Montgomery County’s foremost success has been the delivery of deep savings. For new construction, it has met the aggressive goal of saving 40% of the energy used in a typical new facility. Similarly, it is achieving 30-40% savings in retrofits. Remarkably, these major savings have been achieved with limited dollars. The County has also recognized that its facilities’ operations must be continually refined. It has been a national leader in the field of commissioning buildings, stemming the erosion of measure savings while assuring dollar savings that can be used for social purposes such as adding staff to the police force and books to local libraries.

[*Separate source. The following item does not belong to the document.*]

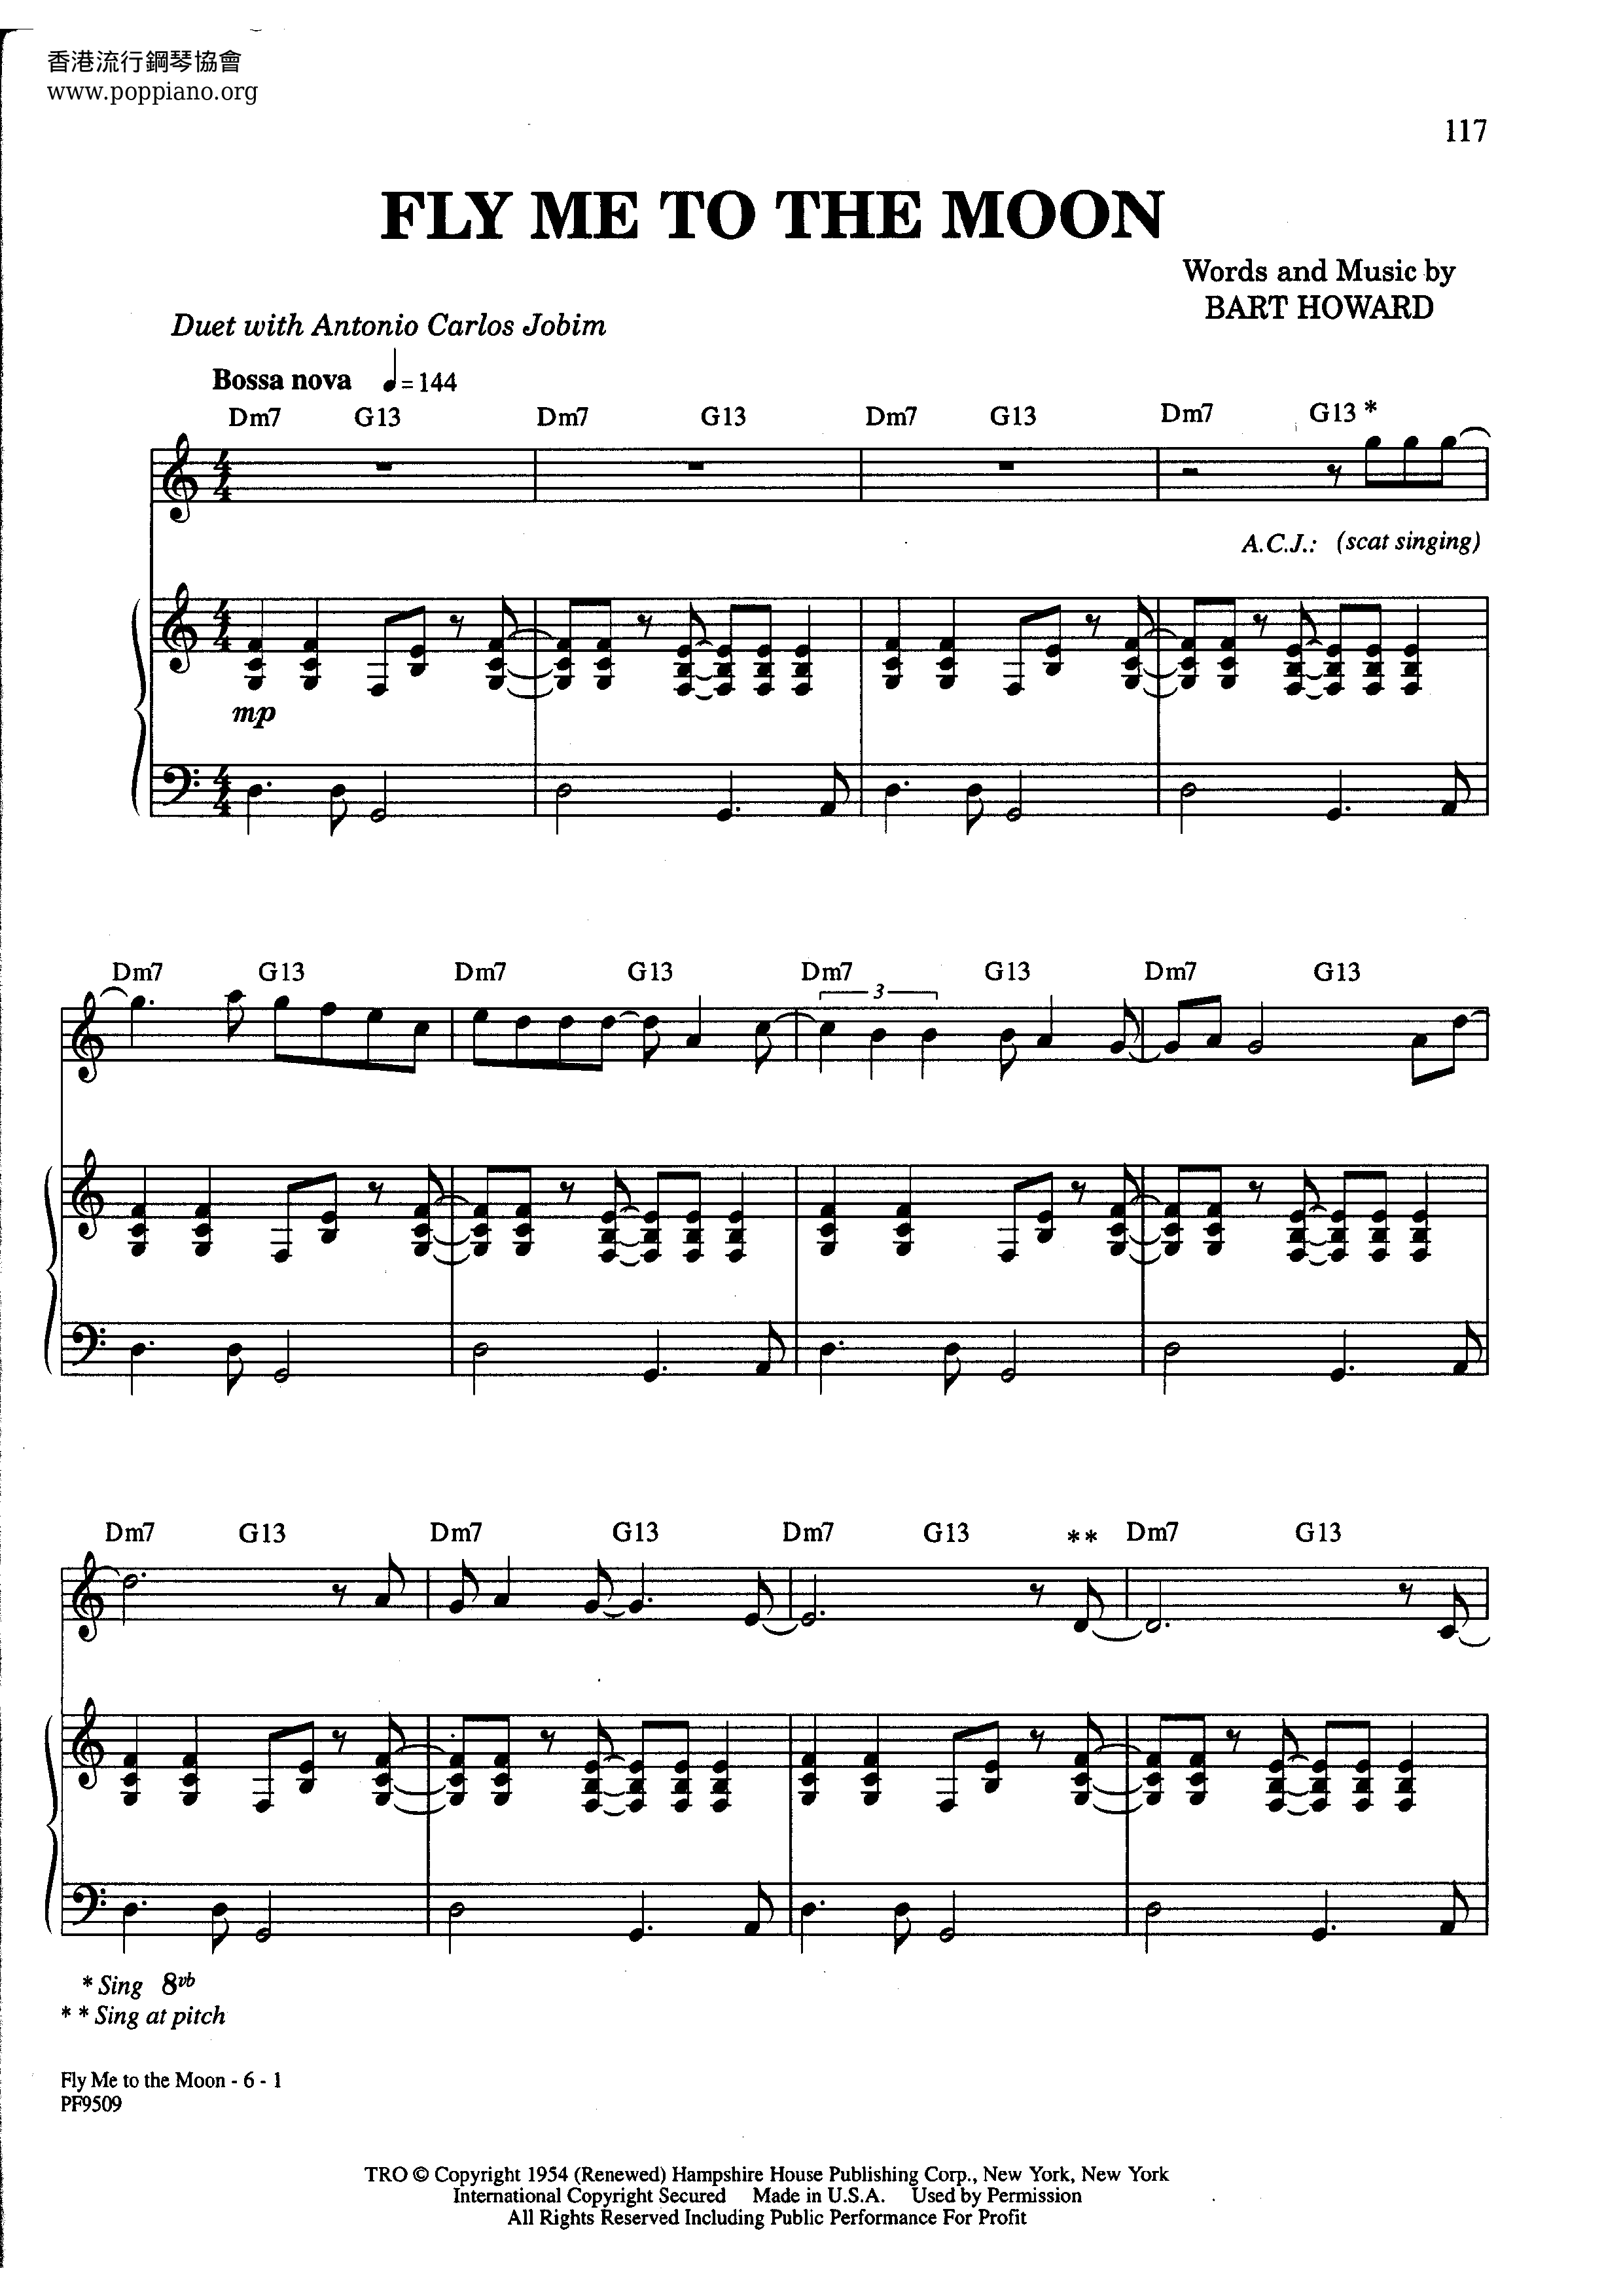 Frank Sinatra Fly Me To The Moon In Other Words Sheet Music Pdf

The County has also placed considerable emphasis on retrofitting existing facilities, drawing incentives from local utilities where possible. It is a Green Lights Partner and as such has the goal of retrofitting 100% of its facilities by the year 2000. (It has already addressed 56% of its square footage.) And having established an impressive track record, the engineering staff has earned credibility within the County government so that it can get projects approved expeditiously.



The bottom line is that the County’s total electricity use has fallen by 5% since 1992. Even as it added 343,000 square feet of new space, its energy bill has remained stable. Cumulative cost savings of $2.3 million from 1992 to 1995 have resulted from the installation of energy management control systems, roof insulation, lighting upgrades, and design guidelines. Thanks to its investments in efficiency, Montgomery County expects over $5 million in cumulative energy cost savings by the turn of the century. Furthermore, it has leveraged non-energy related benefits such as improved work environments, promoting environmental responsibility, while setting a powerful example for private sector firms. And in the process, the County has been able to allocate saved energy dollars to more important public programs. These are the result of a facilities staff doing an exceptional job, developing a template for similar County and local government initiatives.